Wednesday, September 15, 2010

One big cube or multiple cubes?

Found a good article by a Chris Webb (SQL Server MVP) who knows quite a bit about analysis services.  This answers the question of "One cube or Multiple?".   Good reading for bigger more complex AS setups.


http://cwebbbi.spaces.live.com/blog/cns!7B84B0F2C239489A!7728.entry

Tuesday, September 14, 2010

Speeding up scalar functions in SQL Server

Our warehouse uses a UDF to check for dates outside of the acceptable range and assign them the designated “unknown dates”.  Why do it in SQL you ask (vs SSIS)?  Because it is an easy way to have control in one central place.  I made a change that pushed the date ranges from hardcoded in a function to table driven so it can be shared across multiple clients and allow them to retain their custom settings during deployments.  It was like someone hit the breaks – sure the queries were very light (7 rows in the table), but calling it several times in each ETL sproc blew it out to 20-30 million times in a single ETL job. Sure the cache hit rate was 100%, but it still added almost 50% to the total ETL time.  What to do… what to do…

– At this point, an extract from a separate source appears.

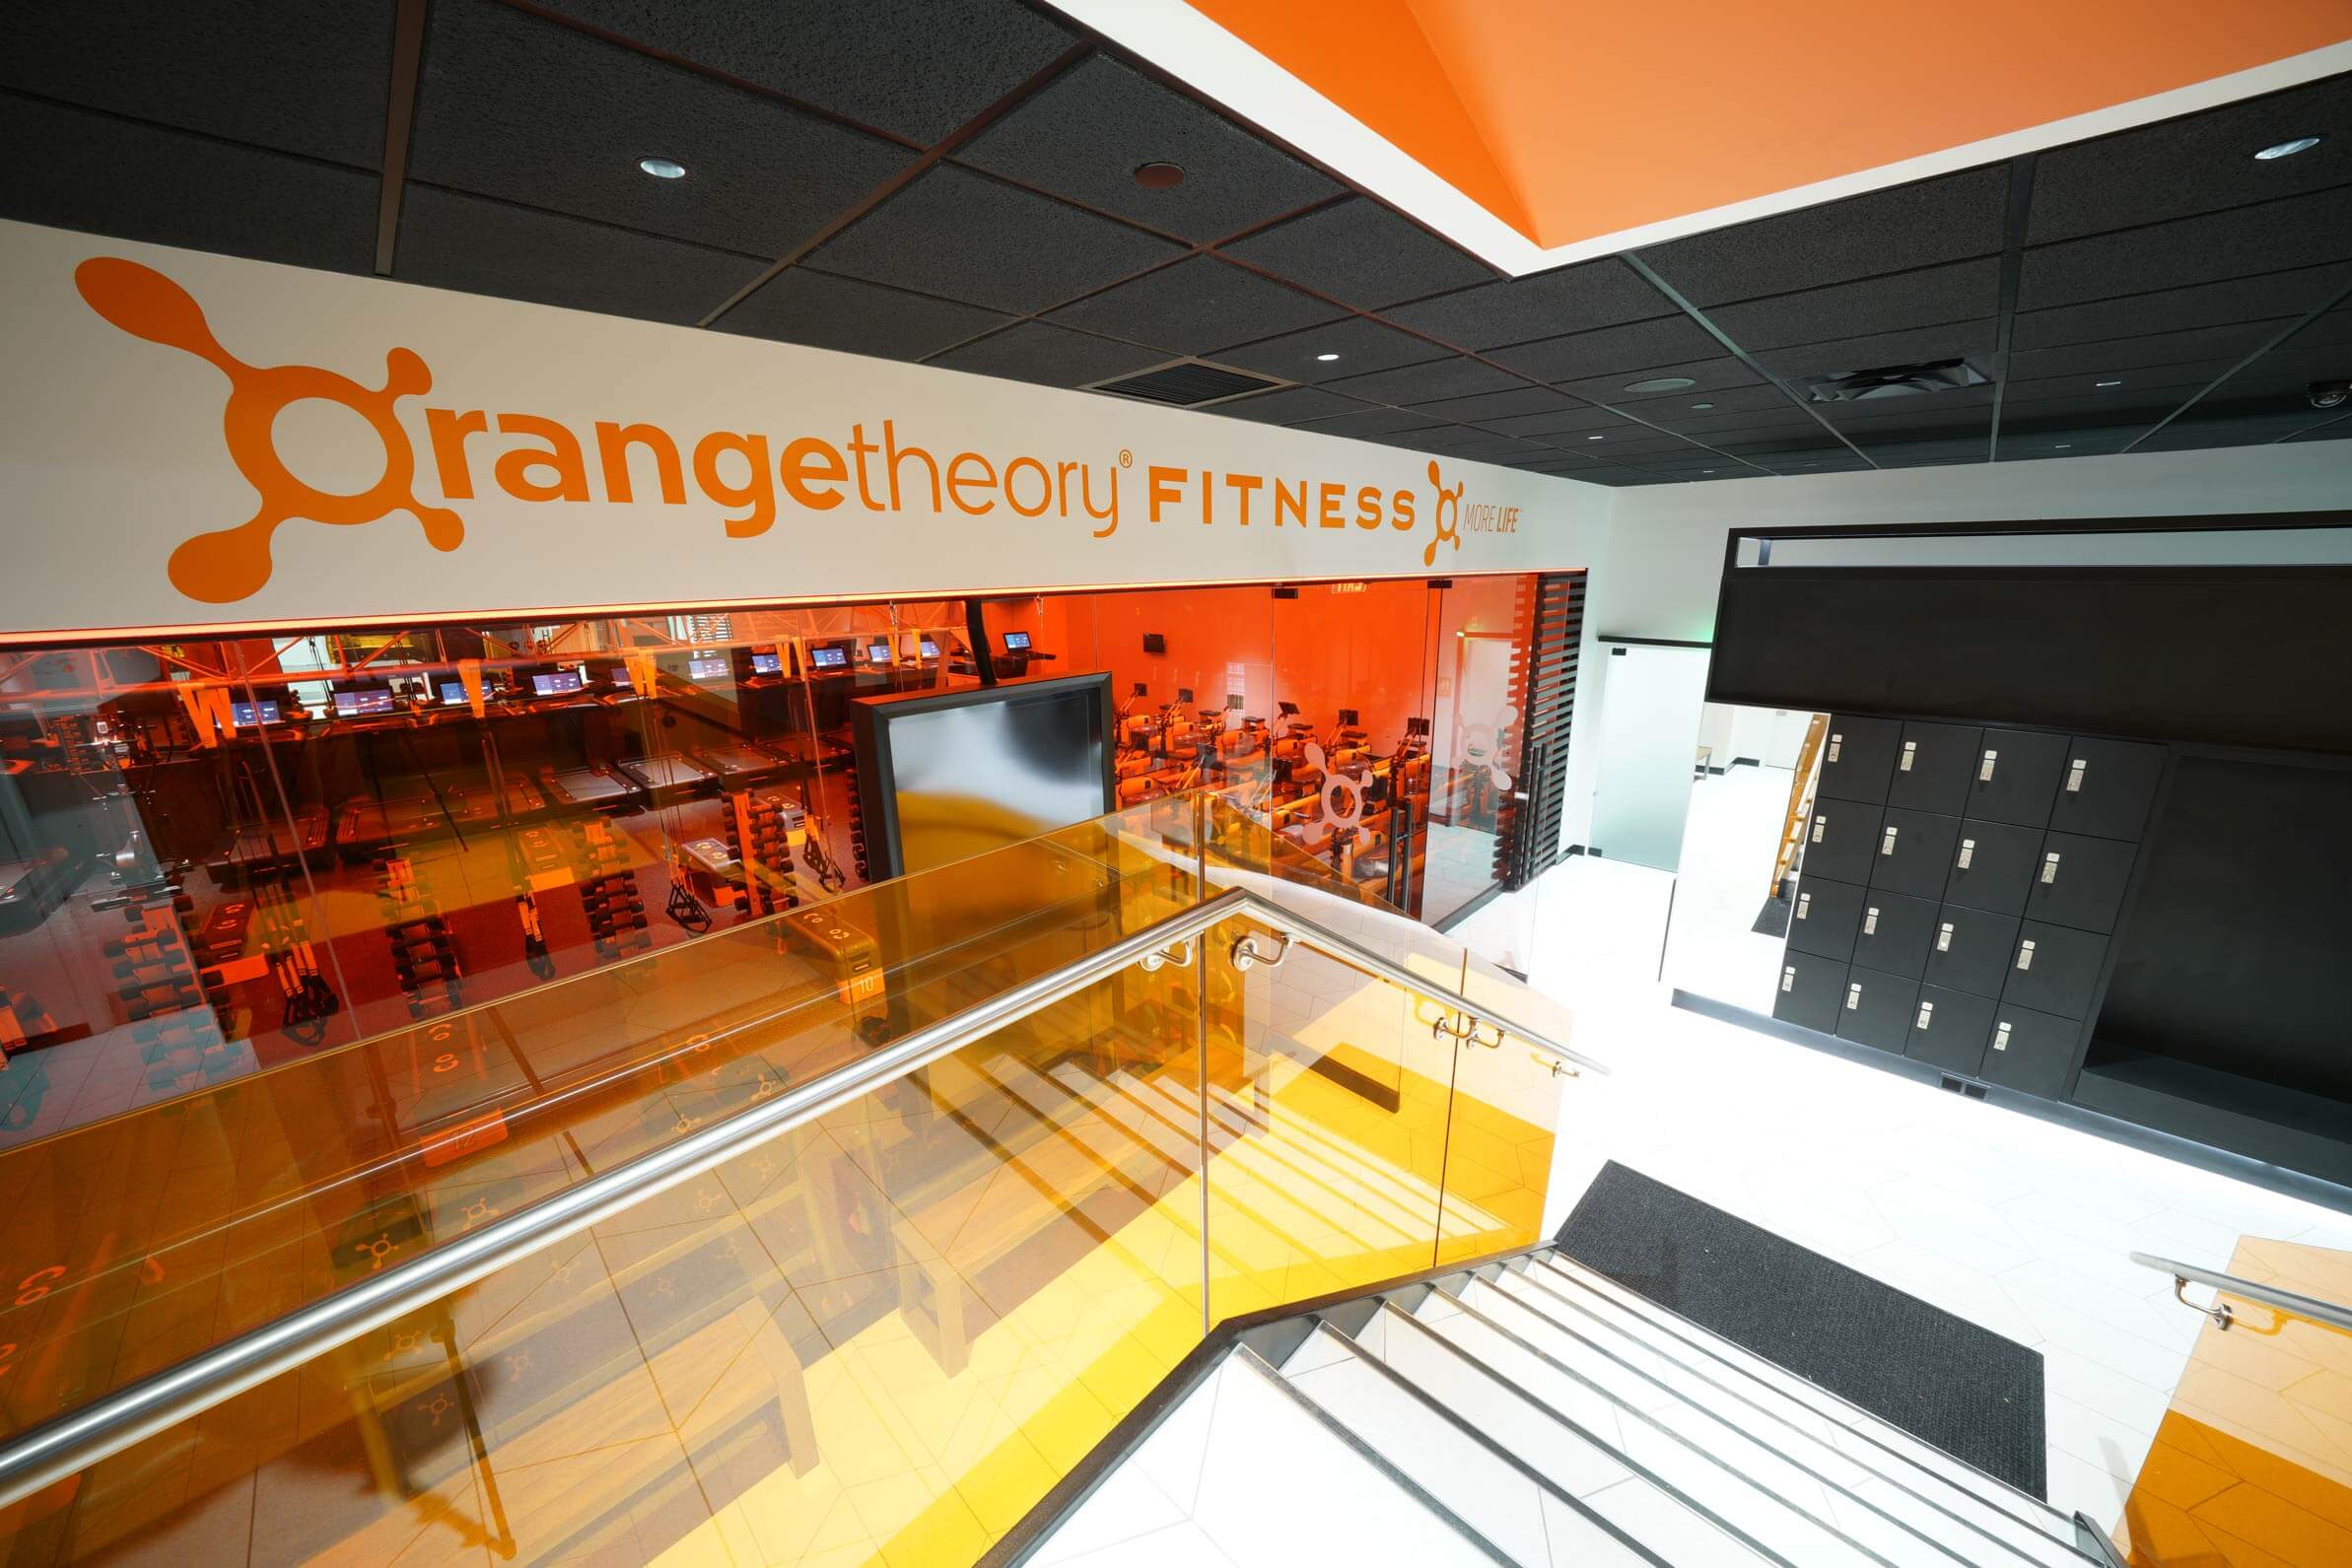 21 Orangetheory Fitness ideas  fitness, orange theory workout

I ran across a great article by Itzik Ben-Gan (http://www.sqlmag.com/article/sql-server/inline-scalar-functions.aspx) on how to make your functions perform extremely fast – by simply changing them from scalar to table.  He goes into the details of why it works – I will simply state the benchmarks:

This is calling the function as a scalar with the syntax of:

[DateField] = dbo.fn_CleanDate([column])

CPU
Reads
Writes
Duration
491,918
62,832,254
1
493,181,940

Those are some big numbers…  so if we rewrite the function so that it returns a table with a single field, the changes resulting:

[DateField] = (select value from dbo.fn_SelectCleandate([column]))

CPU
Reads
Writes
Duration
330,176
41,901,480
0
330,524,577

Now for the kicker.  If you select your date values higher up in the sproc and pass them into the function so there is no data access required in the sub-select it performs.  Blazing fast.  Yeah, it might clutter up the syntax a bit, but it is definitely worth it!

[DateField] = (select value from dbo.fn_SelectCleanDate([column], @minDate, @maxDate,@minUnknownDate, @maxUnknownDate)),

CPU
Reads
Writes
Duration
1,670
4,578
0
308


That deserves restating.  308 milliseconds vs. 493 thousand.